Hospital delivers "problem" babies, then lets them die'

By Jon E. Dougherty
©1999 WorldNetDaily.com

An Illinois registered nurse has blown the whistle on a Chicago-area hospital where, she claims, abortions are being performed in which "problem" infants are born -- and then just left to die.

Jill Stanek is a labor and delivery nurse at Christ Hospital, located in the Chicago suburb of Oak Lawn. She says the "therapeutic abortion" procedure, as it is called, goes beyond what is permitted under the 1973 Roe v. Wade decision legalizing abortion, since once a child is actually born it is granted all the legal rights of personhood.

The Illinois Attorney General's Office is investigating the claims made by Stanek, but so far no charges have been filed against the hospital or staff.

According to Concerned Women for America, an advocacy group monitoring the story and the investigation, the attorney general's office has requested an investigation of the Oak Lawn hospital for allegedly inducing premature births of babies in order for the child to die. In contrast to partial-birth abortions, CWA said, "the babies are fully delivered, often resulting in live births, and then die outside the mother's body. Attending medical personnel do not provide life support, and the babies oftentimes die in the arms of nurses."

"When a nurse or parent isn't holding one of these babies, often they're put in a soiled utility room," Stanek told WorldNetDaily. "They're left there to die alone."

"These babies have been diagnosed with handicaps such as Down Syndrome and spina bifida, along with sometimes fatal anomalies," she said. Nevertheless, she added, the procedure amounted to a decision that an infant with problems wasn't worth saving.

The procedures -- officially called "medically indicated pregnancy terminations" -- are done at Christ between 10 and 20 times a year, hospitalspokeswoman Sue Reimbold said. They are performed between the 16th and 23rd weeks of pregnancy.

During the procedure, labor is induced and the fetus is delivered, sometimes still alive. It is given "comfort care," Reimbold said, claiming that the infants are held by the mother or a nurse until they die.

Reimbold said these are not elective abortions, and are performed only "when the patient and her physician have determined that complex and critical maternal or fetal conditions threaten the life or health of the mother or developing fetus."

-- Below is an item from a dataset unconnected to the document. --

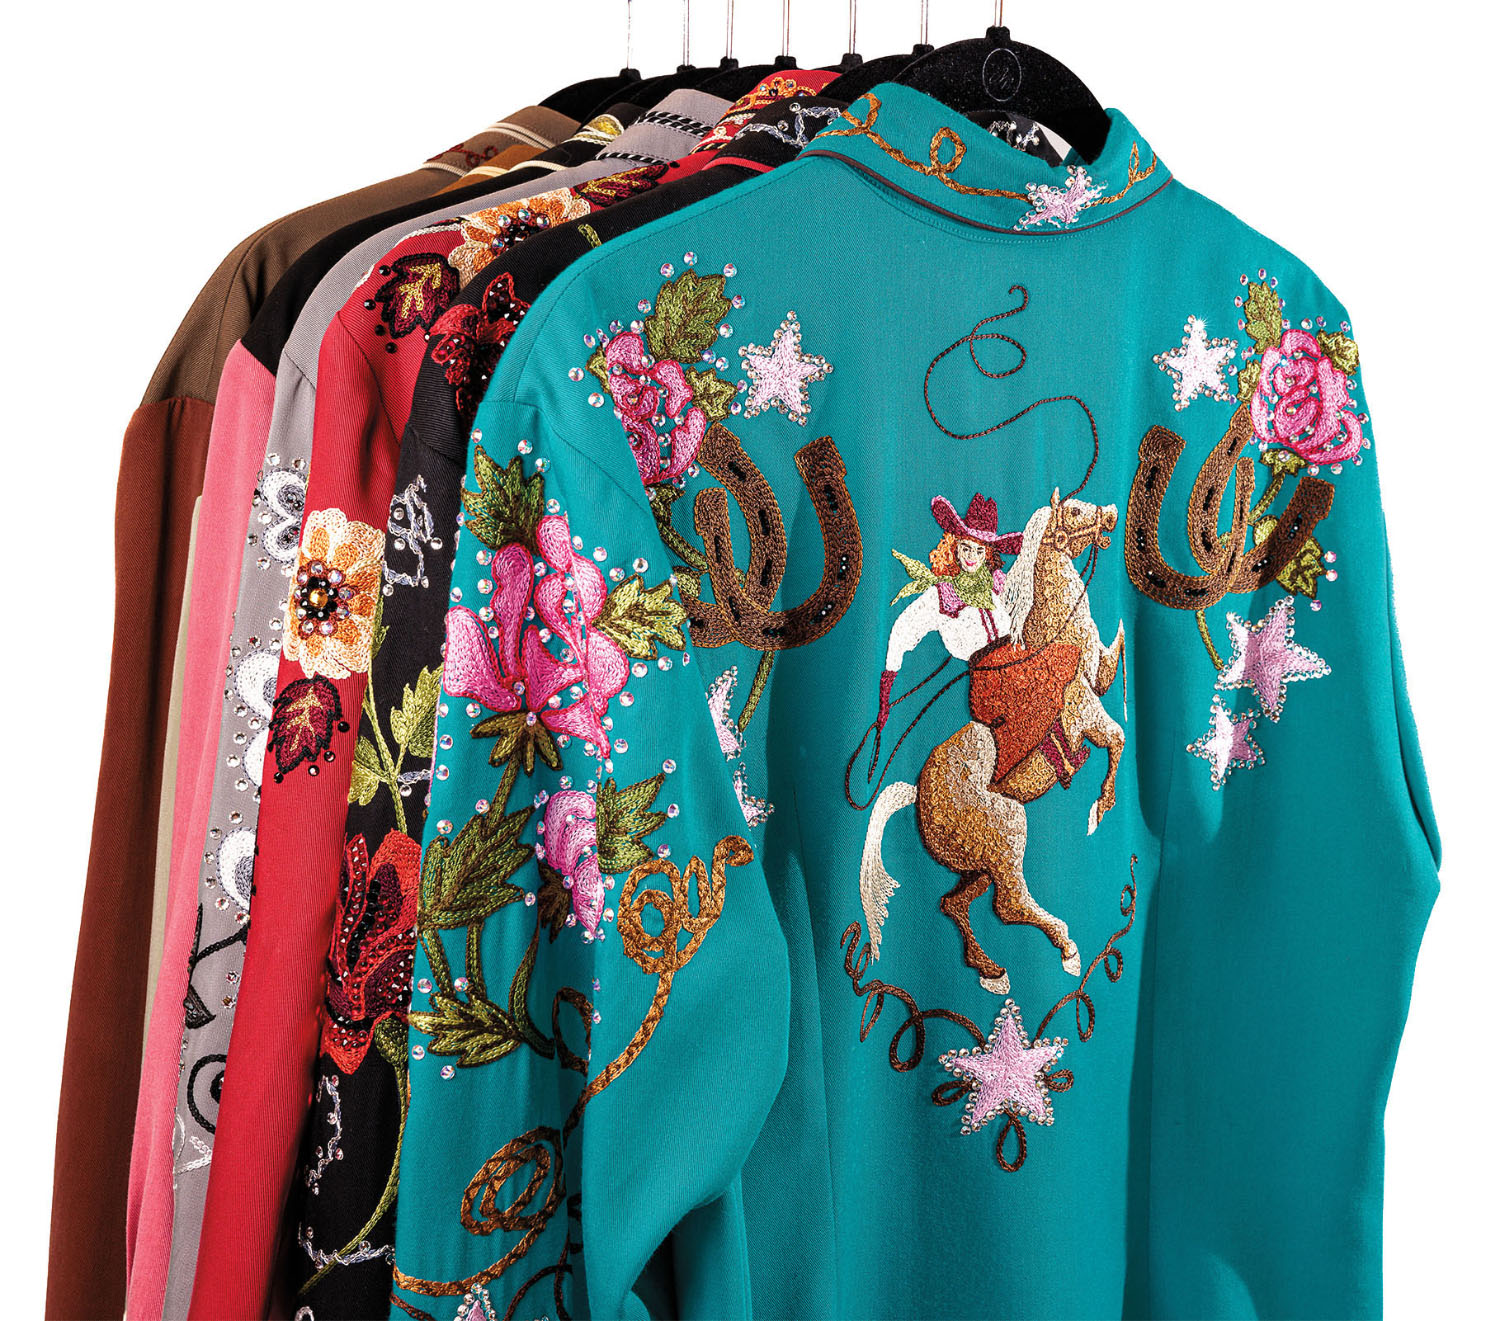 A rack of brightly colored clothing featuring intricate designs of wildflowers, cowgirls and cacti

That usually means fetuses with genetic anomalies so severe that they would not be viable outside the womb.

However, Stanek denied that, saying she has personally witnessed "elective therapeutic abortions whose physical or mental defects are deemed incompatible only with quality of life."

The Illinois Attorney General's office confirmed last week that it has asked health officials to open an inquiry surrounding "pregnancy terminations" at Christ Hospital. A spokesman with the Illinois Department of Public Health said state law prohibited him from speaking about the case.

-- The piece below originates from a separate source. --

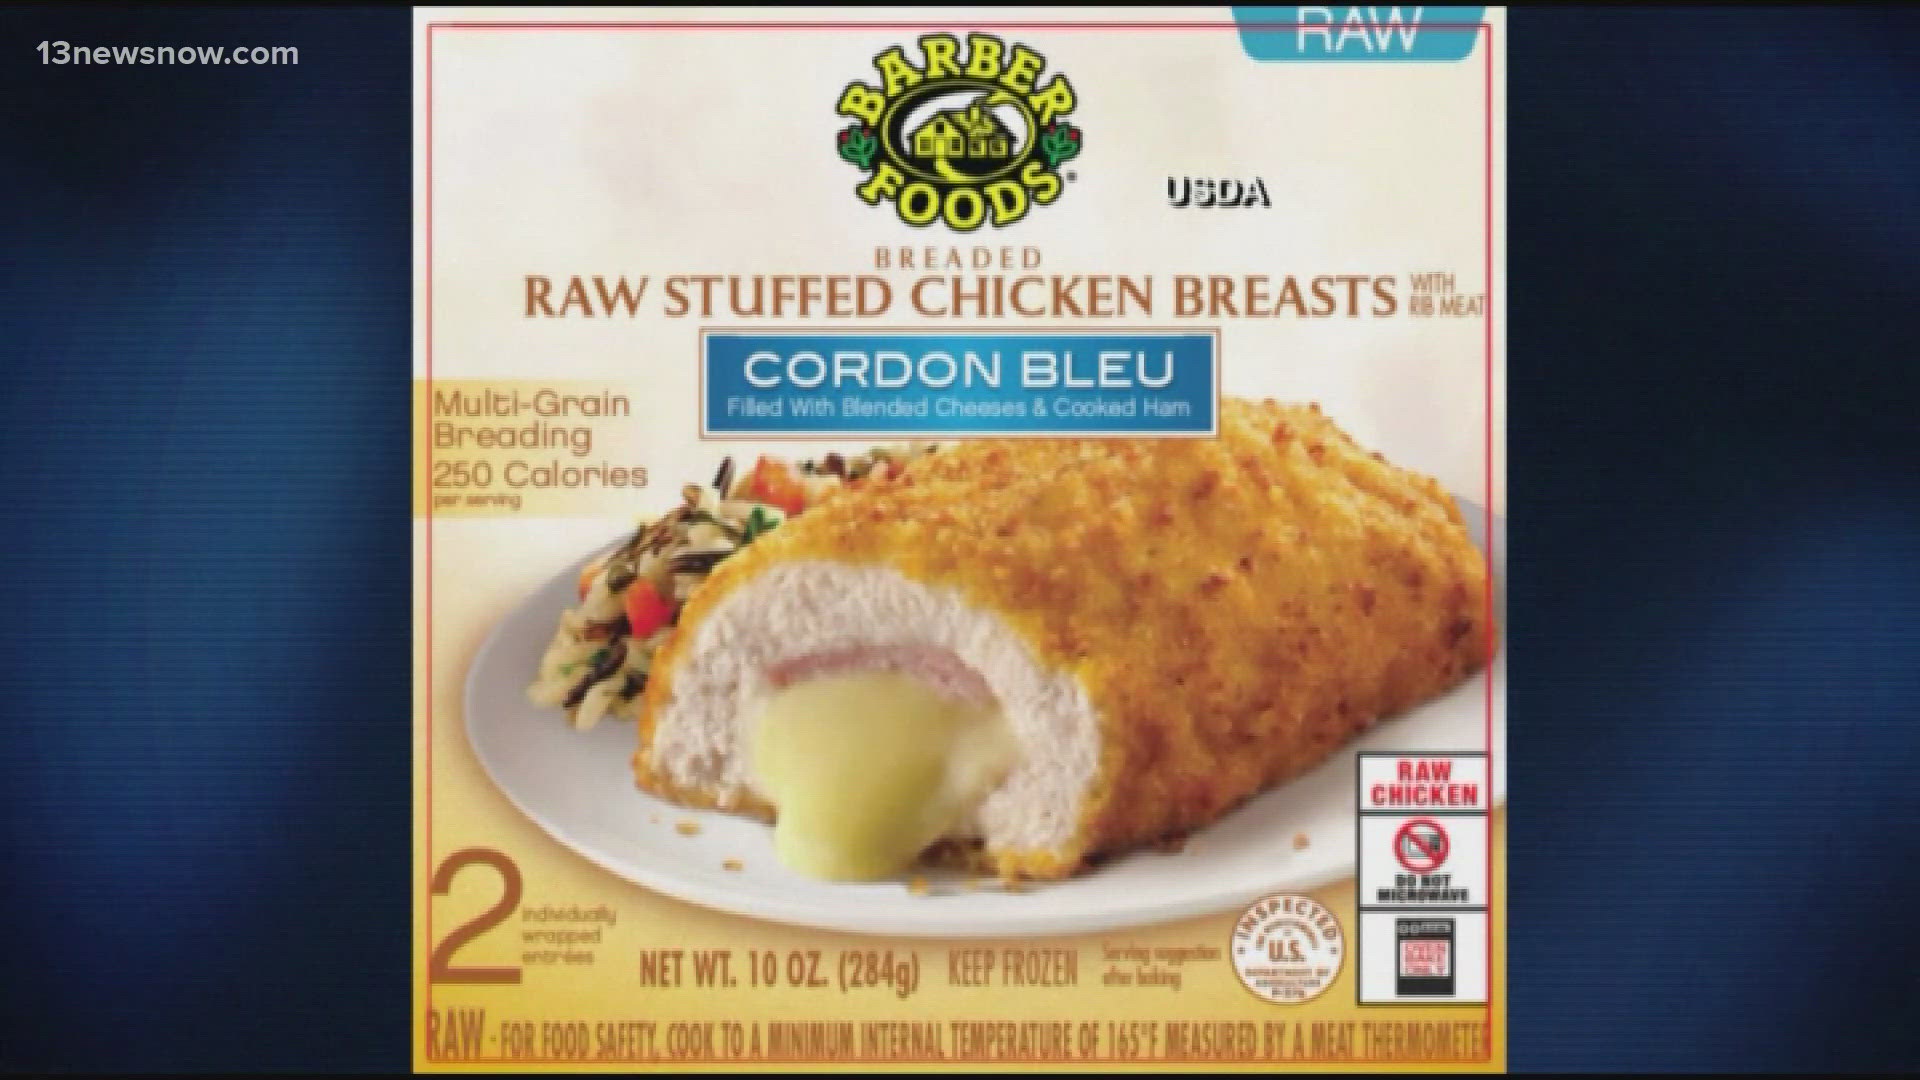 US Agriculture officials have finalized a rule regulating salmonella in raw breaded chicken products.

According to records, Christ previously limited the procedure only to those who were "very, very sick fetuses that would not be able to sustain life outside the womb," said Reimbold. But draft guidelines on "pregnancy termination" dated June 1, 1998, however, propose expanding the practice to include Down Syndrome, cystic fibrosis, and even the mother's mental health as suitable reasons.

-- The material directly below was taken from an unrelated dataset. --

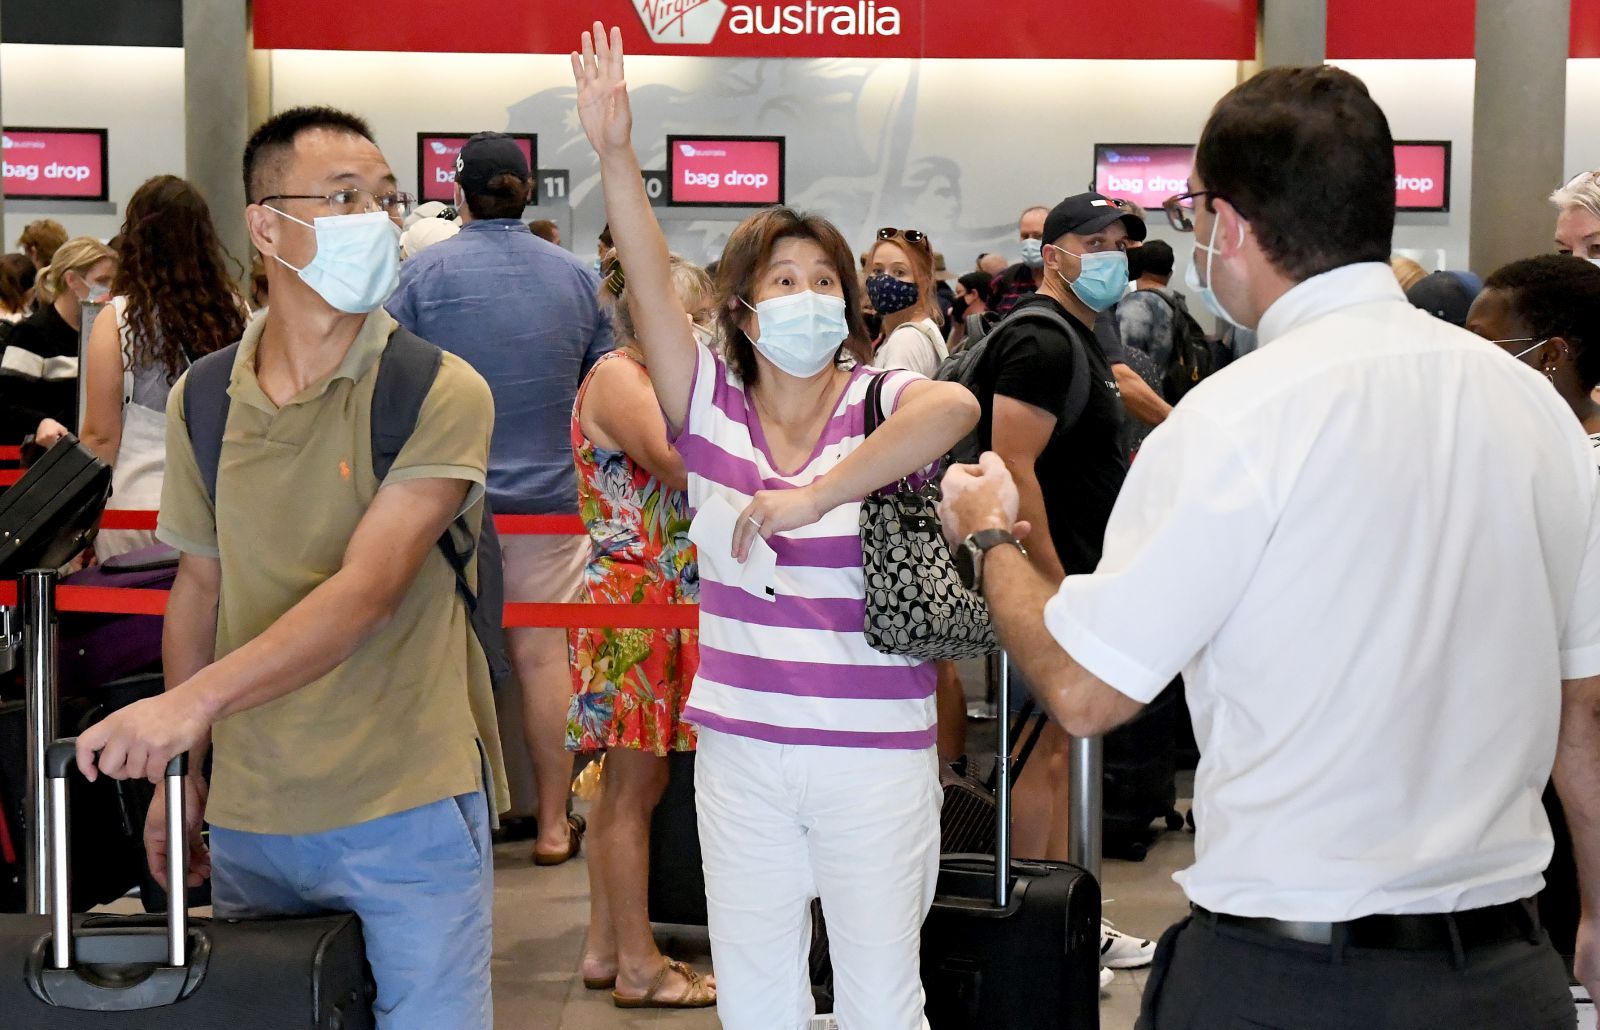 epa09104395 A passenger reacts as she attempts to check in for a flight from the domestic airport in Brisbane, Autralia, 29 March 2021. Greater Brisbane will enter a snap three-day lockdown as its coronavirus outbreak continues to grow.  EPA/DAVE HUNT AUSTRALIA AND NEW ZEALAND OUT

Keith Scherer, an attorney with the Chicago-based Pro-Life Law Center, said he is exploring various legal responses to the practice, including murder charges. He added that the situation could be a good test case for dealing with the procedure in other states.

"If hospitals elsewhere are doing what they are here -- a reasonable assumption -- then we've taken another step down the slippery slope from abortion to infanticide," he said.


Jon E. Dougherty is a contributing editor to WorldNetDaily.